July 22, 2016
More U.S. Schools Accused of Denying Education to Immigrants
Maryclaire Dale READ TIME: 2 MIN.
Civil rights lawyers have sued a third U.S. school district over what they call a practice of denying older refugee and immigrant students a meaningful education by steering them to alternative high schools.
The plaintiffs in a federal lawsuit filed Tuesday in Pennsylvania are refugees ages 17 to 21 who came to the U.S. from Myanmar, Sudan and other war-torn countries.
The American Civil Liberties Union said the Lancaster School District has steered at least 30 students over three years to a disciplinary high school, denying them the classes and services offered at the traditional high school.
Some of the students had been in refugee camps for years, said Witold "Vic" Walczak, legal director of the ACLU of Pennsylvania, which filed the suit along with the Education Law Center and others.
"Preventing them from learning English and going to school and mingling with American students is preventing them from being able to successfully integrate into our society," he said.

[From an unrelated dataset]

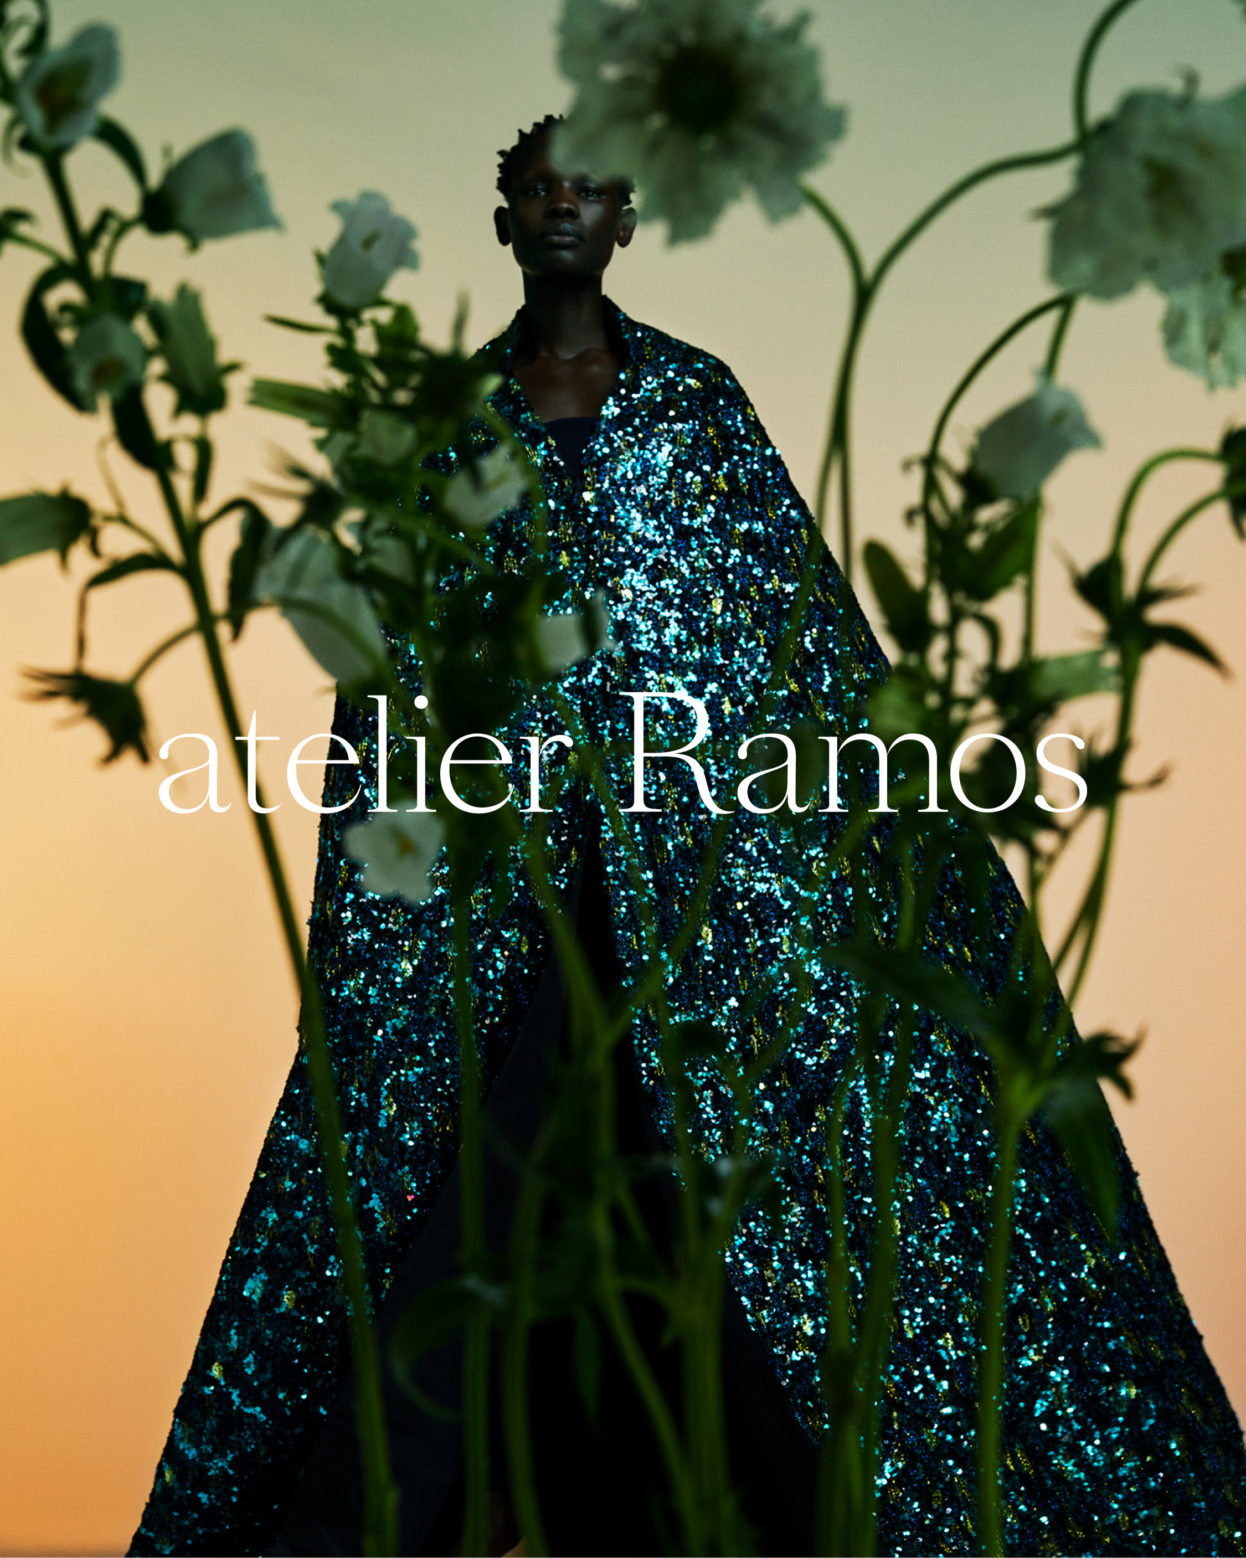 FOLCH - atelier Ramos, an exercise in natural evolution

Civil rights groups have filed at least two similar lawsuits around the country. An ACLU lawsuit in Utica, New York, was settled with an agreement that the plaintiffs could attend the traditional high school, Walczak said. The Southern Poverty Law Center has a suit pending in Collier County, Florida.
Many states, including Pennsylvania, allow students to pursue a high school diploma through the school year in which they turn 21.

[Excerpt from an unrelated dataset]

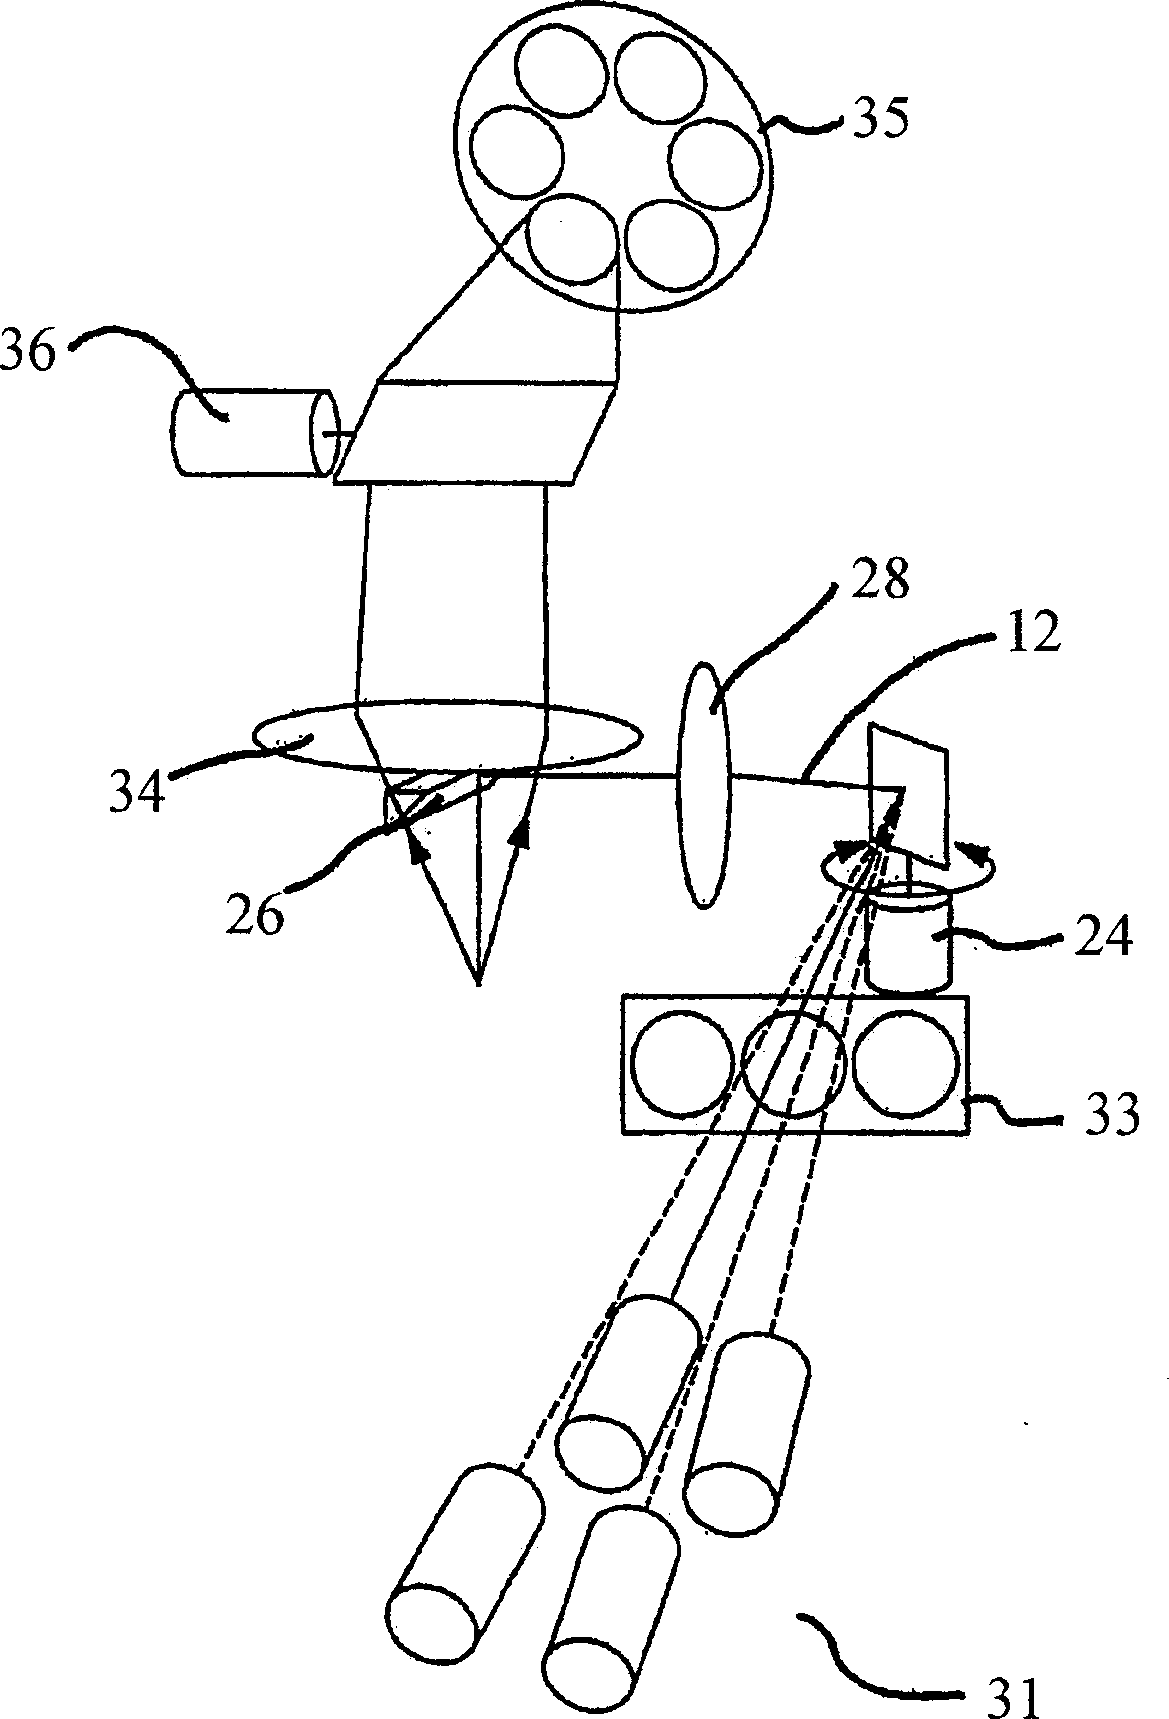 Time discrimination optics imaging method and equipment used for part biological tissues of animal body

Lancaster has seen an influx of refugees and other immigrants, partly through the help of resettlement programs. About 17 percent of the district's 11,300 students are English language learners while 4.5 percent are refugees, according to the district website.
School officials said the lawsuit had no merit.
"The district will continue to be on the cutting edge in developing programs that are unique, such as establishing our Refugee Welcoming Center, after-school programs and special summer programs for refugee students," the district said in a statement.
The lawsuit said the alternative school, run by a contractor, has fewer transition services, a poor teacher-student ratio, and no advanced placement classes.
The Human Rights Institute at Georgetown University's law school examined the issue of immigrant education for a report published in April. Researchers found that school districts sometimes discourage older teens from starting high school if they won't finish by age 21.
"Because they usually have little formal education, due to their circumstances in their home countries, when they tried to enroll in normal education systems here, they were really discouraged or flat-out barred due to their age," researcher Raimy Reyes said. "Many children just face flat-out age discrimination."